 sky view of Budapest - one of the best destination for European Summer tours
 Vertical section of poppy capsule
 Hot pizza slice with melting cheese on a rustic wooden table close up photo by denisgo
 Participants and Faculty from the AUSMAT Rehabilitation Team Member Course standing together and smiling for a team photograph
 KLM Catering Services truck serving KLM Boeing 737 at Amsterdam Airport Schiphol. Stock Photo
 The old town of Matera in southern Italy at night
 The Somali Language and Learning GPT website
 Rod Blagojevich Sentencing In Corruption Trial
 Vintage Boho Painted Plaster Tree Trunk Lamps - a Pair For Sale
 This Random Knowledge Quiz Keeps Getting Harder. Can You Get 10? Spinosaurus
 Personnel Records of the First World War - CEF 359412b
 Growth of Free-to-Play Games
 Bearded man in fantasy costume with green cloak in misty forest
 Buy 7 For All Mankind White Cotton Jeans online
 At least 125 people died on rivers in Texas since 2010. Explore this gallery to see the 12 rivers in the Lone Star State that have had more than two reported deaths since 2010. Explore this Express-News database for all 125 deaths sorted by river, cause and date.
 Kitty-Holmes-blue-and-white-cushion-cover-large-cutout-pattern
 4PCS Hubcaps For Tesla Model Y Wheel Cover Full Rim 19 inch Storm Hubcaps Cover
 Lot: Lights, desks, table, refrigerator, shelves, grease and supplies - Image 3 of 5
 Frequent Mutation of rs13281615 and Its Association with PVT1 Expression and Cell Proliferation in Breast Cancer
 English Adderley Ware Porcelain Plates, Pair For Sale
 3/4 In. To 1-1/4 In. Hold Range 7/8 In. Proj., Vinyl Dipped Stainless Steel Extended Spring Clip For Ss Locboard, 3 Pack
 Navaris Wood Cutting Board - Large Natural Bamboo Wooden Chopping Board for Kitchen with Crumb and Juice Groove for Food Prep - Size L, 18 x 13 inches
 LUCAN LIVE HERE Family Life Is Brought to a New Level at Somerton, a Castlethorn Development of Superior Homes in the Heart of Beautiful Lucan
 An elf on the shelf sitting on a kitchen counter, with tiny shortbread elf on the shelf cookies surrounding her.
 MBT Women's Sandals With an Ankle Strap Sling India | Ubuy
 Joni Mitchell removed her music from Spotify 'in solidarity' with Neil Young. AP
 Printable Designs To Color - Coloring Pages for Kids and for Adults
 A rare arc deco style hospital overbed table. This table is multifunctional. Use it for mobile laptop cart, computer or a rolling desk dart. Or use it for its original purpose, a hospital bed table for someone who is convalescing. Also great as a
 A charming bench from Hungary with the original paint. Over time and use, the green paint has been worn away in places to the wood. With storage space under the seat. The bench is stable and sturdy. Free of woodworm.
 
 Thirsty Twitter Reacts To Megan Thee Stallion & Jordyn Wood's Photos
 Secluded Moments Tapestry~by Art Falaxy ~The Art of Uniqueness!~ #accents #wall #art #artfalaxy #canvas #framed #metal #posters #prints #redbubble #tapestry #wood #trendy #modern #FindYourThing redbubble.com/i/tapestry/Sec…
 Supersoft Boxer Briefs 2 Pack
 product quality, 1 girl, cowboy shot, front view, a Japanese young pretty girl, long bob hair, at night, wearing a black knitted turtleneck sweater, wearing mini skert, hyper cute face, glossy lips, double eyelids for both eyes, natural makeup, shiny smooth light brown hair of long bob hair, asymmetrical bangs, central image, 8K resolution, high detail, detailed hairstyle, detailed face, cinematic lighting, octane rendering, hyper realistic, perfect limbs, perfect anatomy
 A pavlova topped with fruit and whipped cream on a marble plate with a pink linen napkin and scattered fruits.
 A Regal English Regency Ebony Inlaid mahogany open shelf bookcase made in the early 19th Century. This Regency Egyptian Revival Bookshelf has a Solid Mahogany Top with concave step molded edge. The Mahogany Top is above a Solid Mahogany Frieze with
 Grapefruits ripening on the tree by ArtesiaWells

□ □ □ □ □

▶ **ASSIGNED TASK**:
Each of the records should be written out again, exactly as it reads.

▶ **RESPONSE TO THE TASK**:
 sky view of Budapest - one of the best destination for European Summer tours
 Vertical section of poppy capsule
 Hot pizza slice with melting cheese on a rustic wooden table close up photo by denisgo
 Participants and Faculty from the AUSMAT Rehabilitation Team Member Course standing together and smiling for a team photograph
 KLM Catering Services truck serving KLM Boeing 737 at Amsterdam Airport Schiphol. Stock Photo
 The old town of Matera in southern Italy at night
 The Somali Language and Learning GPT website
 Rod Blagojevich Sentencing In Corruption Trial
 Vintage Boho Painted Plaster Tree Trunk Lamps - a Pair For Sale
 This Random Knowledge Quiz Keeps Getting Harder. Can You Get 10? Spinosaurus
 Personnel Records of the First World War - CEF 359412b
 Growth of Free-to-Play Games
 Bearded man in fantasy costume with green cloak in misty forest
 Buy 7 For All Mankind White Cotton Jeans online
 At least 125 people died on rivers in Texas since 2010. Explore this gallery to see the 12 rivers in the Lone Star State that have had more than two reported deaths since 2010. Explore this Express-News database for all 125 deaths sorted by river, cause and date.
 Kitty-Holmes-blue-and-white-cushion-cover-large-cutout-pattern
 4PCS Hubcaps For Tesla Model Y Wheel Cover Full Rim 19 inch Storm Hubcaps Cover
 Lot: Lights, desks, table, refrigerator, shelves, grease and supplies - Image 3 of 5
 Frequent Mutation of rs13281615 and Its Association with PVT1 Expression and Cell Proliferation in Breast Cancer
 English Adderley Ware Porcelain Plates, Pair For Sale
 3/4 In. To 1-1/4 In. Hold Range 7/8 In. Proj., Vinyl Dipped Stainless Steel Extended Spring Clip For Ss Locboard, 3 Pack
 Navaris Wood Cutting Board - Large Natural Bamboo Wooden Chopping Board for Kitchen with Crumb and Juice Groove for Food Prep - Size L, 18 x 13 inches
 LUCAN LIVE HERE Family Life Is Brought to a New Level at Somerton, a Castlethorn Development of Superior Homes in the Heart of Beautiful Lucan
 An elf on the shelf sitting on a kitchen counter, with tiny shortbread elf on the shelf cookies surrounding her.
 MBT Women's Sandals With an Ankle Strap Sling India | Ubuy
 Joni Mitchell removed her music from Spotify 'in solidarity' with Neil Young. AP
 Printable Designs To Color - Coloring Pages for Kids and for Adults
 A rare arc deco style hospital overbed table. This table is multifunctional. Use it for mobile laptop cart, computer or a rolling desk dart. Or use it for its original purpose, a hospital bed table for someone who is convalescing. Also great as a
 A charming bench from Hungary with the original paint. Over time and use, the green paint has been worn away in places to the wood. With storage space under the seat. The bench is stable and sturdy. Free of woodworm.
 
 Thirsty Twitter Reacts To Megan Thee Stallion & Jordyn Wood's Photos
 Secluded Moments Tapestry~by Art Falaxy ~The Art of Uniqueness!~ #accents #wall #art #artfalaxy #canvas #framed #metal #posters #prints #redbubble #tapestry #wood #trendy #modern #FindYourThing redbubble.com/i/tapestry/Sec…
 Supersoft Boxer Briefs 2 Pack
 product quality, 1 girl, cowboy shot, front view, a Japanese young pretty girl, long bob hair, at night, wearing a black knitted turtleneck sweater, wearing mini skert, hyper cute face, glossy lips, double eyelids for both eyes, natural makeup, shiny smooth light brown hair of long bob hair, asymmetrical bangs, central image, 8K resolution, high detail, detailed hairstyle, detailed face, cinematic lighting, octane rendering, hyper realistic, perfect limbs, perfect anatomy
 A pavlova topped with fruit and whipped cream on a marble plate with a pink linen napkin and scattered fruits.
 A Regal English Regency Ebony Inlaid mahogany open shelf bookcase made in the early 19th Century. This Regency Egyptian Revival Bookshelf has a Solid Mahogany Top with concave step molded edge. The Mahogany Top is above a Solid Mahogany Frieze with
 Grapefruits ripening on the tree by ArtesiaWells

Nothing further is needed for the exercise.